But the hugely entertaining musical Wicked, coming to Manchester this week after blockbusting success on Broadway and in the West End, ingeniously re-imagines the stories and characters originally created in 1900 by L Frank Baum in the novel The Wonderful Wizard of Oz.

Set in the land Of Oz, in the years leading to Dorothy’s arrival, the story centres on Elphaba, the misunderstood, smart and fiery girl of emerald-green skin who grows up to become the notorious Wicked Witch of the West, and Galinda, the beautiful, blonde, popular girl who grows up to become Glinda the Good Witch of the North.

“With most musicals based on famous films or whatever, you know what’s going to happen at the end before it starts and, largely, people go to those shows precisely because they love that sense of familiarity,” believes producer Michael McCabe.

“The success of Wicked is very much based on not knowing what’s going to happen, and being prepared to look at things another way. If you have an affection for The Wizard Of Oz, then I think it’s very respectful of that story, as is Gregory Maguire, the writer of the novel that inspired this show. But he was also intrigued by the general idea of ‘what if someone isn’t what you imagine?’ He focused on the Wicked Witch of the West and said ‘wouldn’t it be extraordinary to discover that it was someone else needing you to think that she was wicked but that she is actually a rather good person?’

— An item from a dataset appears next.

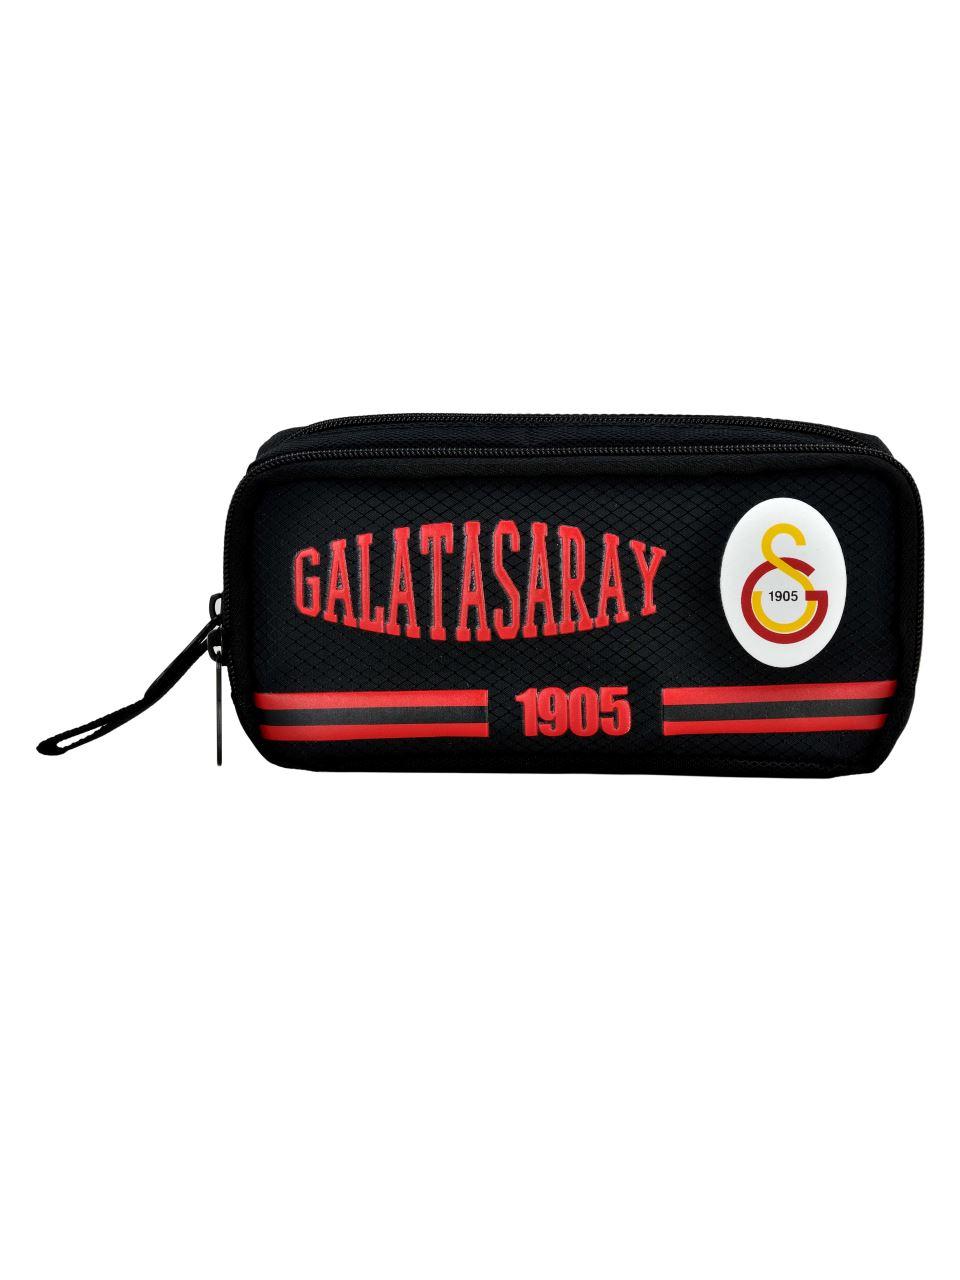 U13000 Galatasaray Kalem Çantası 88595

“It allows an audience to be on the edge of their seat and wonder what surprises are coming.
“It’s very funny too and it’s interesting that people sometimes think it’s going to be a very dark show. A lot of the humour comes from The Wizard of Oz story but we always say that you don’t need to know The Wizard of Oz to enjoy Wicked – you just need to know that there was a good witch and a bad witch – with a few other characters as well. The whole experience is very much about what plays out in front of you on our stage.”

But surely that element of surprise, fun though it may be, isn’t enough on its own to explain the sort of huge success the show enjoys? Even before the UK tour, there were already six productions playing concurrently around the world, including its tenth anniversary year on Broadway.

“It’s still a great story packaged up in a big old lavish production and of course that’s also a big part of why people love it. Right now, in challenged financial times, if people spend their money on going to the theatre, they want to see where that money goes and I think Wicked has always been able to deliver that big experience.”

Ålthough a film adaptation is still on the cards – and earlier this year Universal indicated that the success of the Les Misérables film means that might happen sooner rather than later – ironically, producers have been waiting for a dip in the stage musical’s earnings before, ahem, “green-lighting” a cinematic outing.

“It’s a huge show to tour and we’re maintaining not just a successful London show but an international brand,” acknowledges McCabe. “So for an audience, we have to deliver on the expectation of everything that they’ve heard.

“When The Wizard of Oz stage production came to the West End, we weren’t quite sure how to view that. But as it transpired, lots of people went to see that and then wanted to see Wicked straight afterwards.

“This is a story that’s endured since the book was written and it’s always been a story that people have loved. Reimagining and retelling that story is great and the more interest there is in that story, the better for all of us.”